The three Baudelaire children looked at one another and then at Charles and Phil, the only people in Paltryville who had been kind to them. Although they would not miss the dormitory, or the terrible casseroles, or the back-breaking labor of the mill, the orphans would miss these two kind people. And as the siblings thought about whom they would miss, they thought how much they would have missed one another, if something even worse had happened to them. What if Sunny had lost the swordfight? What if Klaus had remained hypnotized forever? What if Violet had stepped into the path of the saw, instead of Dr. Orwell? The Baudelaires looked at the sunlight, pouring through the shattered window where Count Olaf had escaped, and shuddered to think of what could have happened. Being alive had never seemed lucky before, but as the children considered their terrible time in Sir’s care, they were amazed at how many lucky things had actually happened to them.

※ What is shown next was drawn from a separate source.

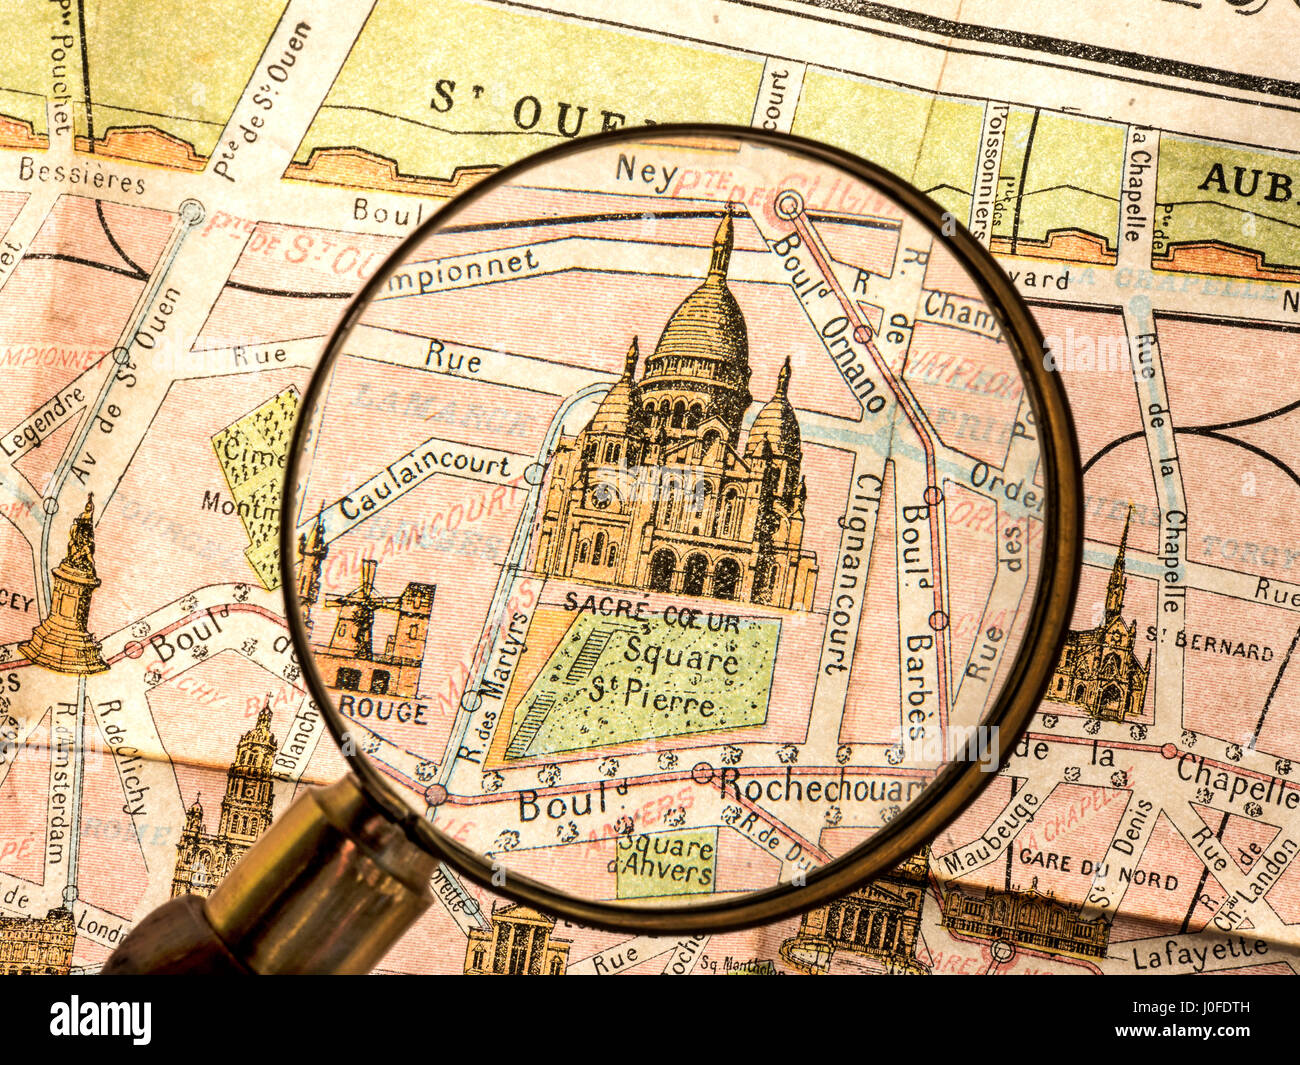 PARIS DETAIL MAP Magnifying Glass vintage retro Monumental Map of 1900's Paris, featuring Sacre Coeur Basilica Montmartre and The Moulin Rouge Theatre Stock Photo

“It was lucky,” Violet admitted quietly, “that Klaus invented something so quickly, even though he’s not an inventor.”
“It was lucky,” Klaus admitted quietly, “that Violet figured out how to end my hypnosis, even though she’s not a researcher.”
“Croif,” Sunny admitted quietly, which meant something like “It was lucky that I could defend us from Dr. Orwell’s sword, if I do say so myself.”

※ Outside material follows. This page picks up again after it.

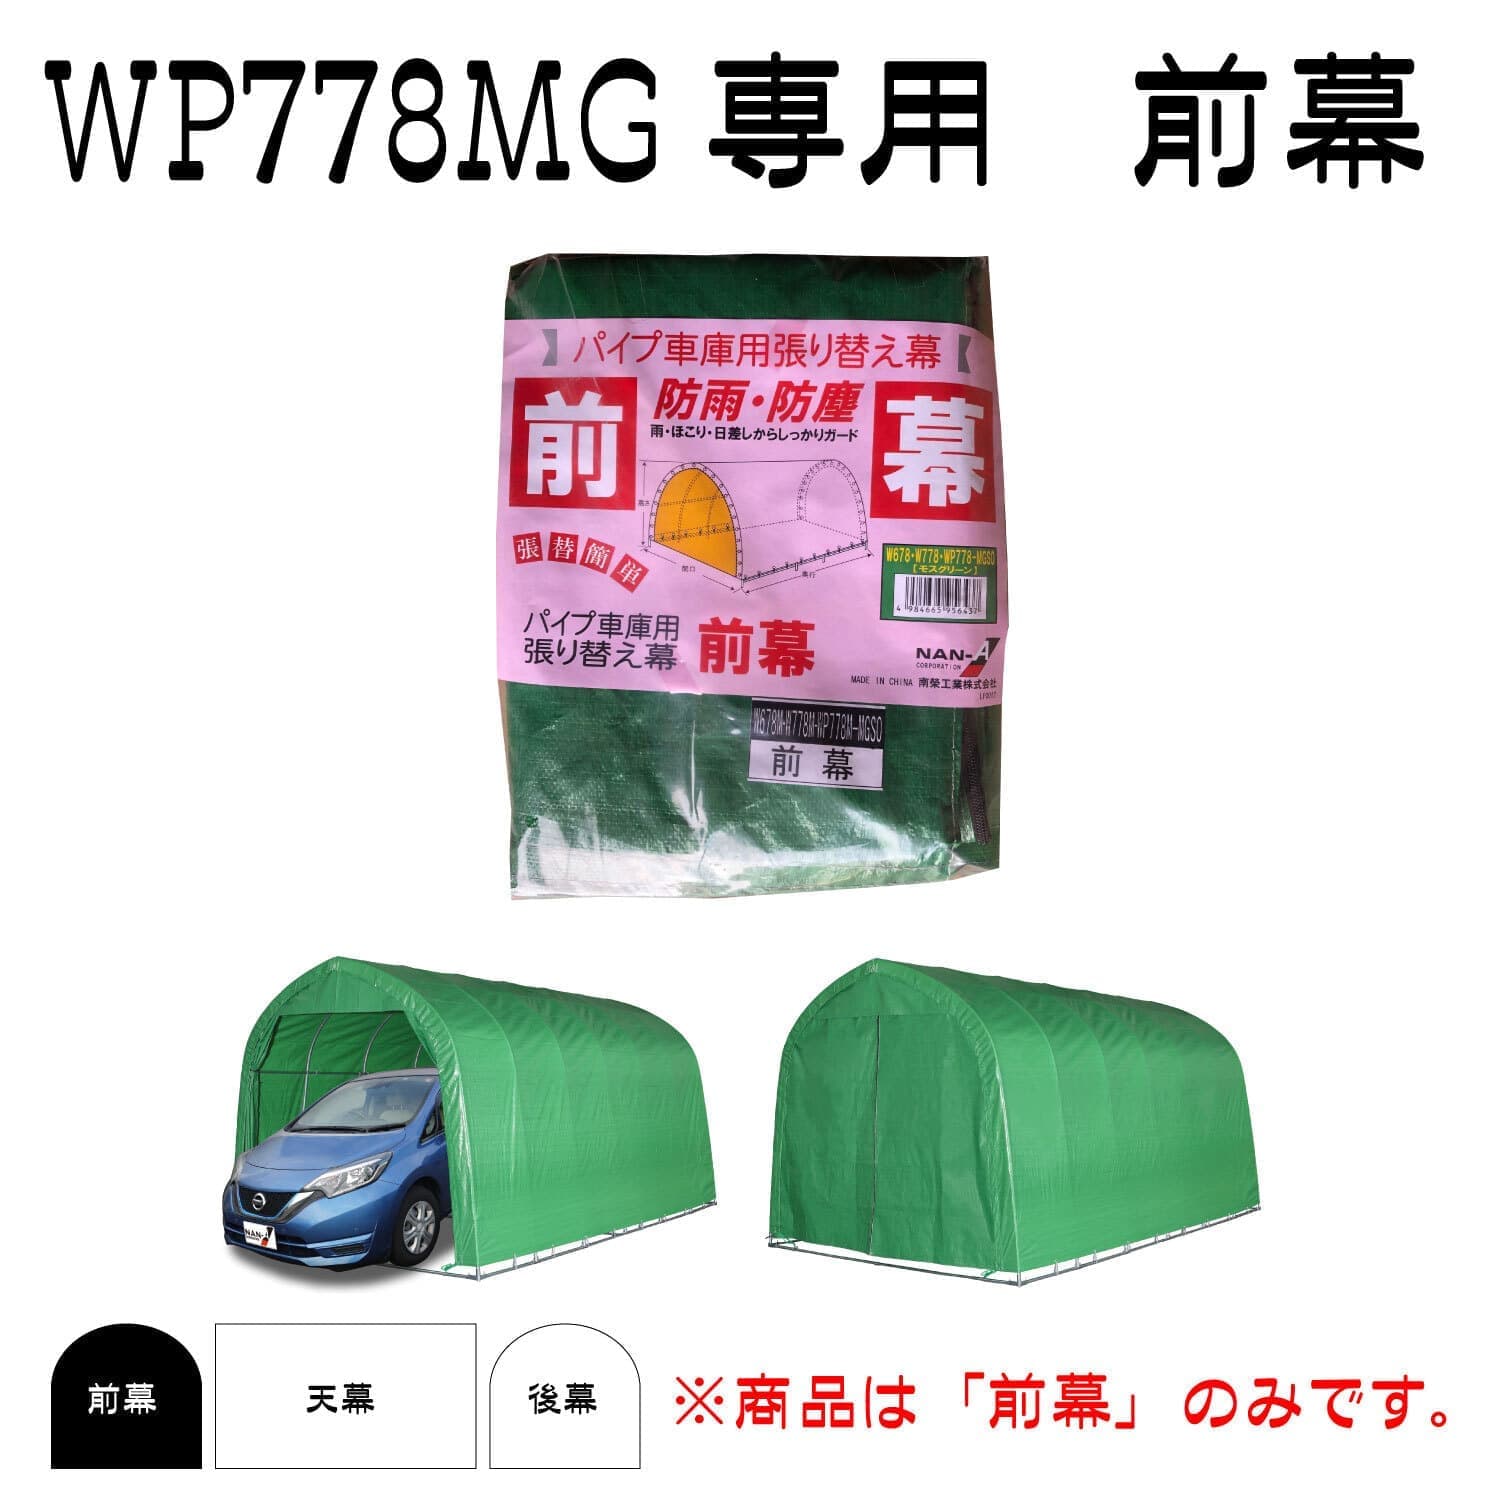 WP778 MG, SVU｜パイプ車庫｜南榮工業株式会社

The children sighed, and gave each other small, hopeful smiles. Count Olaf was on the loose, and would try again to snatch their fortune, but he had not succeeded this time. They were alive, and as they stood together at the broken window, it seemed that the last word on their situation might be “lucky,” the word that had caused so much trouble to begin with. The Baudelaire orphans were alive, and it seemed that maybe they had an inordinate amount of luck after all.